時は13世紀。モンゴルの時代。
圧倒的な力を背景に、世界各地を支配下に置いていくモンゴル。
ヨーロッパも例外ではなく、モンゴル軍に大敗。
「このまま、ヨーロッパも支配されるのか…」と誰もが思った矢先、
突然、モンゴル軍が一斉撤退。
結果的に、ヨーロッパの大部分はモンゴルの支配から逃れ、
現在に至るまでモンゴルの支配下に入ることはありませんでした…
いったいなぜ、快進撃を続けたモンゴルは引き返したのでしょうか?
そこには、悲しい運命と、人間の性が隠されていました…!
今日は前回記事の続編です!
◯なぜ、バトゥは引き返したのか!?
出生の疑惑から、不遇の身にあったバトゥ。
そんな中、当時の指導者オゴタイが与えた千載一遇の大チャンス。
この一世一代の大勝負を完璧に生かしたバトゥ。
破竹の勢いで西へ西へと勝ち進み、ワールシュタットの戦いでヨーロッパ勢力も撃破。
このままヨーロッパでもモンゴル軍の快進撃!!と誰もが思っていましたが、
突如バトゥの軍勢はヨーロッパから引き返し、モンゴルへ戻っていったのです。一体バトゥに何があったのでしょうか‥?
ヒントとして、
「バトゥはどんな予測不可能な事態が起こったらモンゴルに帰るか?」
を考えてみてください。きっと現代の私たちでも、バトゥと同じ行動を取る人が多いでしょう‥。という流れで前編を終えました。
字数の都合で分けたのですが、じらしたようになってしまいすみませんでした。
では答えを申し上げましょう!!!!
◯オゴタイの死…
このままヨーロッパに突き進む、と思っていた矢先、訃報が入るのです。
部下「オゴタイ様が…オゴタイ様が逝去されましたっ…!!」
1241年12月21日のオゴタイ死去から約3か月後(当時の交通手段から言うと妥当な数字と言われています)の、本国からの使者による訃報でした。
「え…でも遠征中なら引き返さずに攻めてもいいんじゃない?」と思われる方もいらっしゃるかもしれません。
ここで大事なことは、月並みですが、バトゥの気持ちを想像してみて下さい。
不遇な自分にチャンスを与えてくれたのはオゴタイです。
オゴタイがいなければ、今の自分はない、ということをバトゥは誰よりも感じていました。つまり、バトゥにとってオゴタイは、恩人です。

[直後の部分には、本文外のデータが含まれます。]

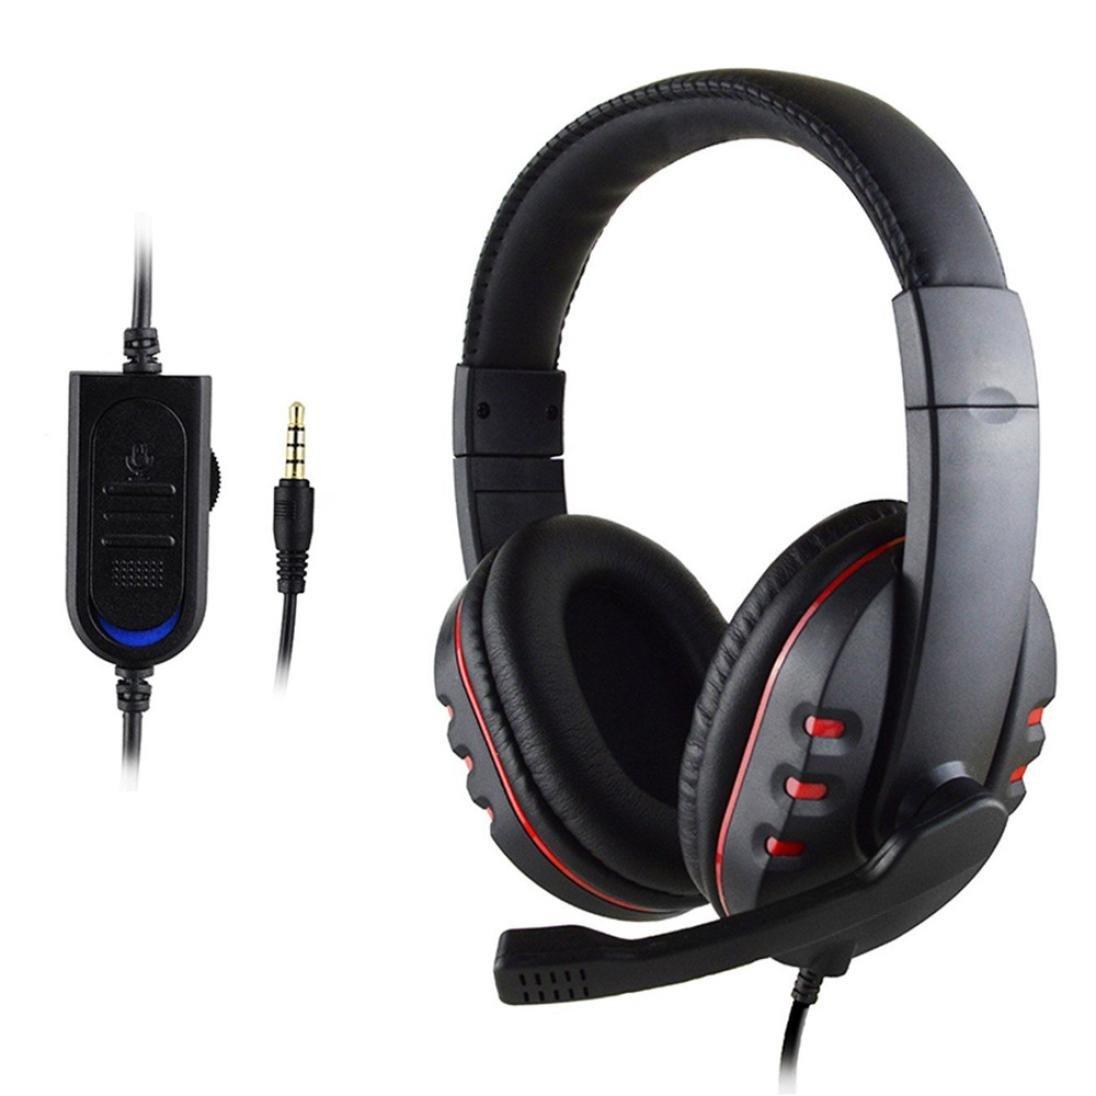 Spielkopfhö rer, HARRYSTORE Gaming Headset Voice Control Verkabelt HI-FI Sound Qualitä t Kopfhö rer fü r PS4 TDRJ-5689

自分を見出してくれたオゴタイの死は、バトゥにとって大きなものでした。
訃報を聞いて、バトゥはヨーロッパから急遽引き返すのです。
※一説では、オゴタイが死ななくてもバトゥの遠征はここまでだった、という見解もありますが、私はそうは思いません。なぜなら、訃報を受取った後も攻撃中の街を落とし、部下に追撃させているからです。具体的には、部下の侵攻はウィーン近くまで迫っていたのです。それでも、総帥バトゥは引き返しました。総帥を失った部下の侵攻はそれ以上進むこととができず、勝ち取ったハンガリーも放棄して帰還しています。
◯ヨーロッパがモンゴルの支配から逃れた、たった1つの理由とは
バトゥが引き返した理由が分かった所で、記事タイトルの問いに戻ってみましょう。
この問いに答えるならば、ズバリ
「オゴタイが亡くなったから」です。
なんという偶然、なんというタイミングでしょう。
「歴史に”もし”はない」という格言がありますが、”もし”を考えずにはいられません。
「もしオゴタイが死ななかったら…」を想像すると、
バトゥは更にヨーロッパ中央部・西部へ進入していたでしょう。
そして、当時の中世ヨーロッパは、十字軍の勢いも弱くなり始め、イスラーム勢力に勝ちきれずにいた時代です。戦費がかさみ、教会組織の膨張も限界点に達しています。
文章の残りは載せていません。